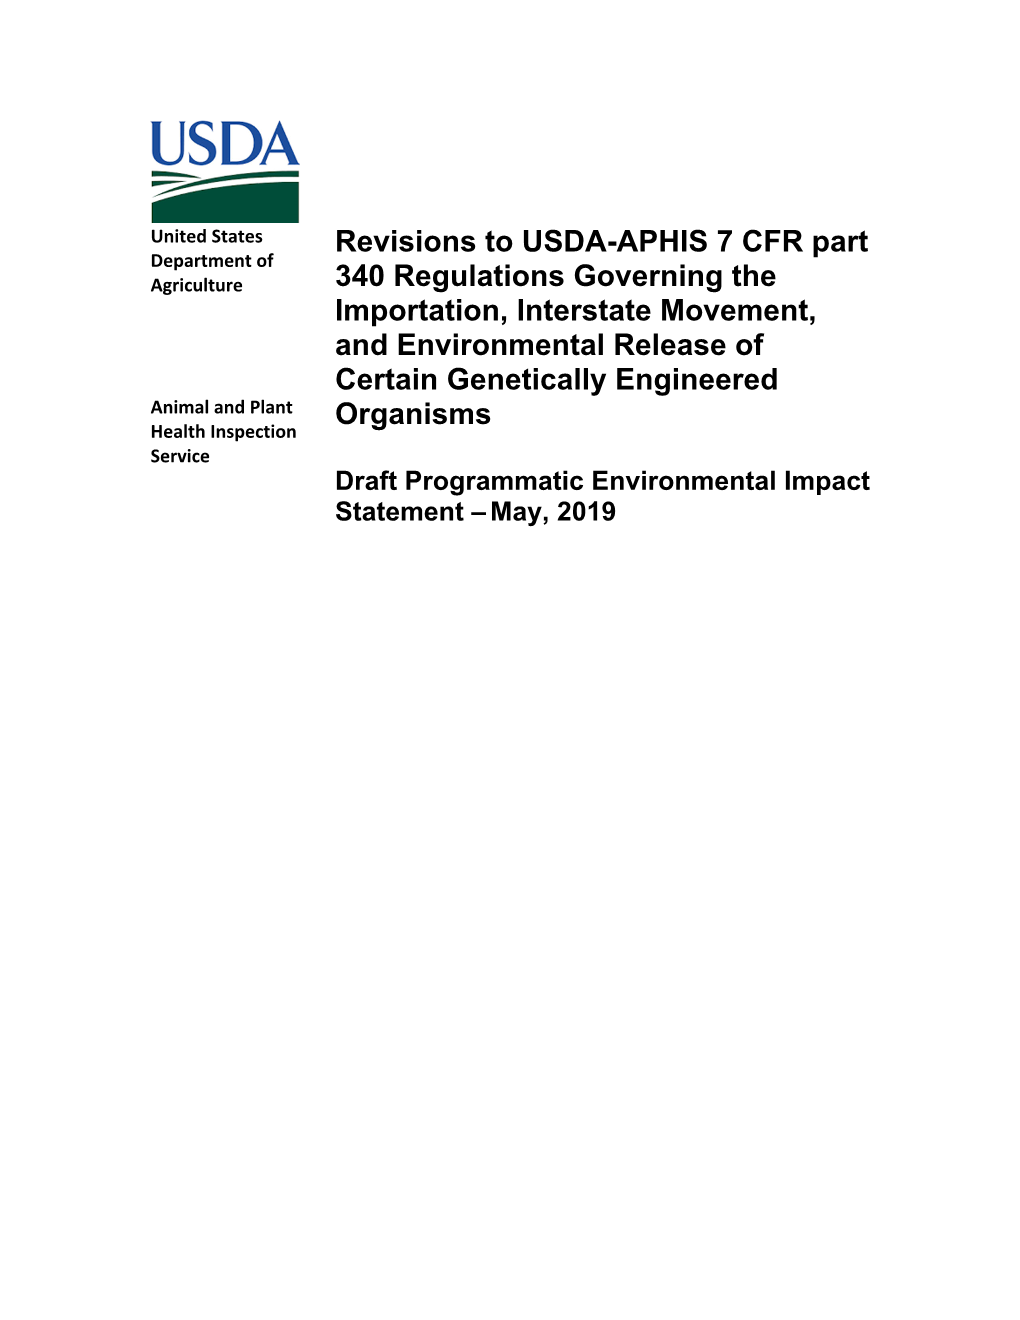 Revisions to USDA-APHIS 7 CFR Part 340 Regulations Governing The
---
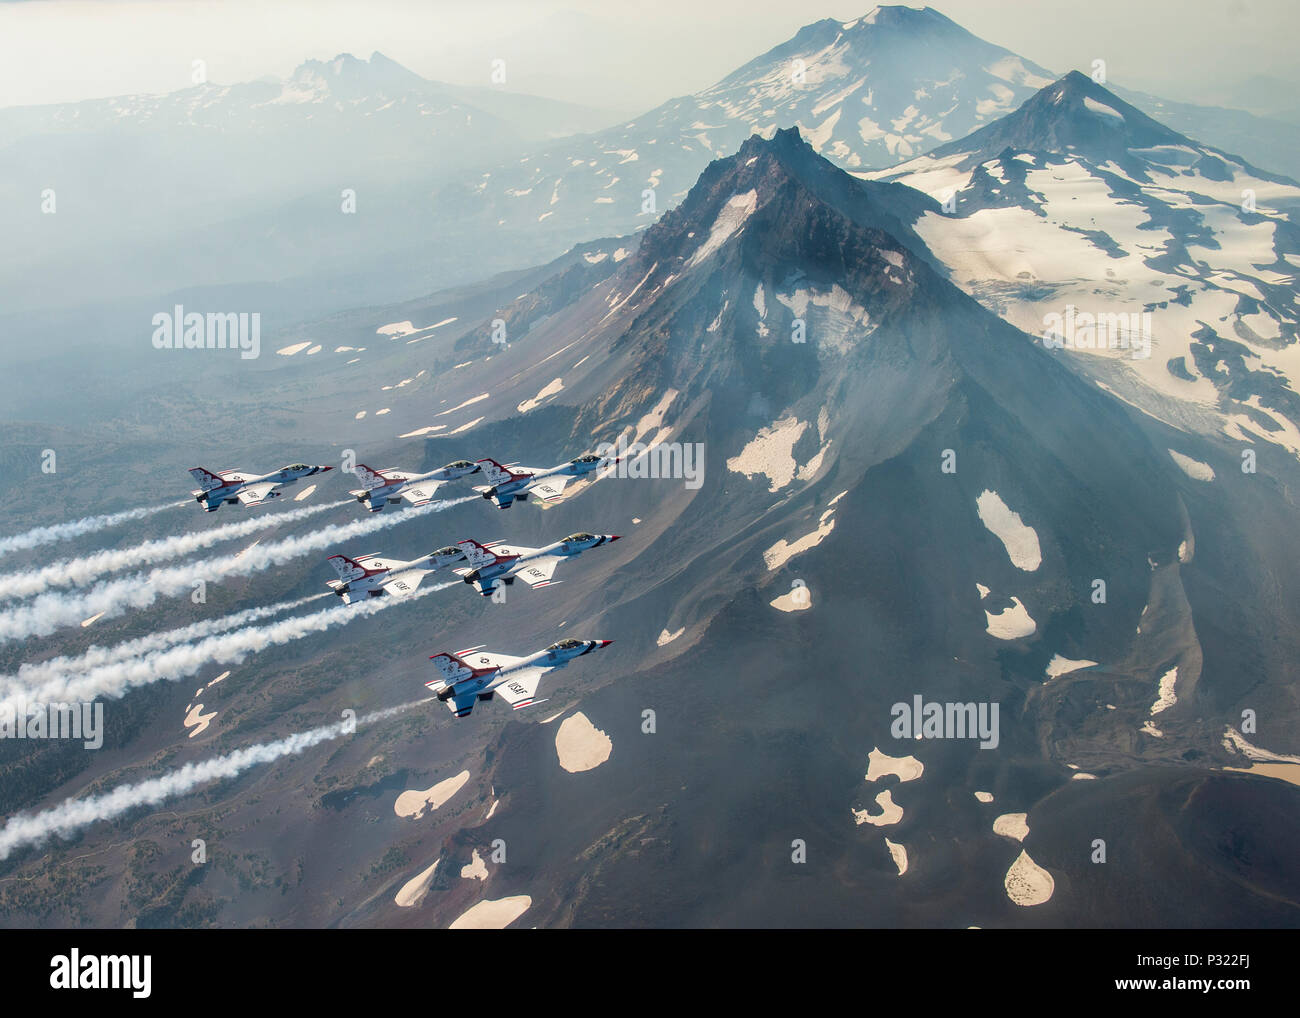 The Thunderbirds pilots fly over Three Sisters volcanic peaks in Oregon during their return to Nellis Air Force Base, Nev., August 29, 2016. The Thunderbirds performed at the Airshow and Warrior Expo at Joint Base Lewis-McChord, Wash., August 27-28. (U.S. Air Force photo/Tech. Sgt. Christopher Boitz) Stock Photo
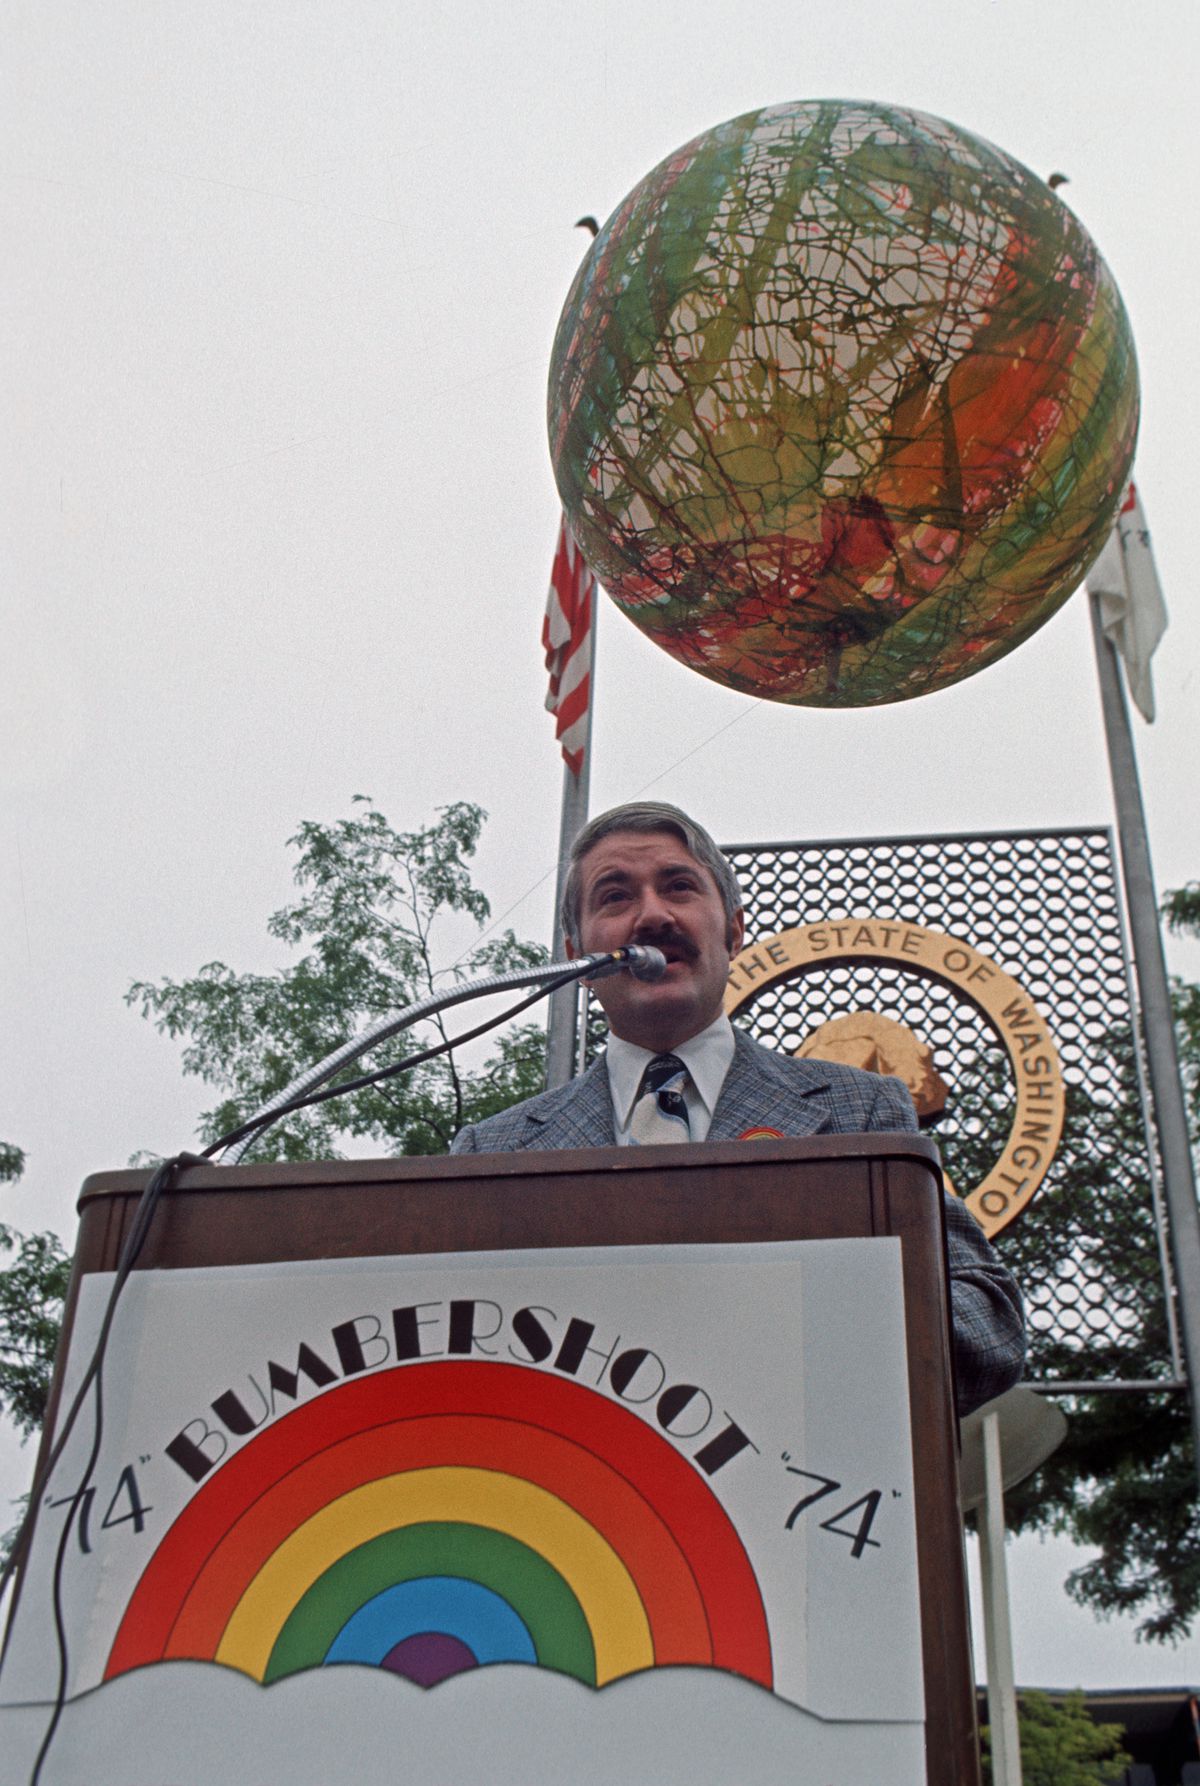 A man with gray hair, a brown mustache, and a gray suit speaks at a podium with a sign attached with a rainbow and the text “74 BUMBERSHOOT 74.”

__What is expected__
Among the lines above, the one with "The Thunderbirds pilots" opens the part to repeat and the one with "A man with gray" closes it; repeat only that part exactly, with no pictures.

__Response area__
 The Thunderbirds pilots fly over Three Sisters volcanic peaks in Oregon during their return to Nellis Air Force Base, Nev., August 29, 2016. The Thunderbirds performed at the Airshow and Warrior Expo at Joint Base Lewis-McChord, Wash., August 27-28. (U.S. Air Force photo/Tech. Sgt. Christopher Boitz) Stock Photo
 A man with gray hair, a brown mustache, and a gray suit speaks at a podium with a sign attached with a rainbow and the text “74 BUMBERSHOOT 74.”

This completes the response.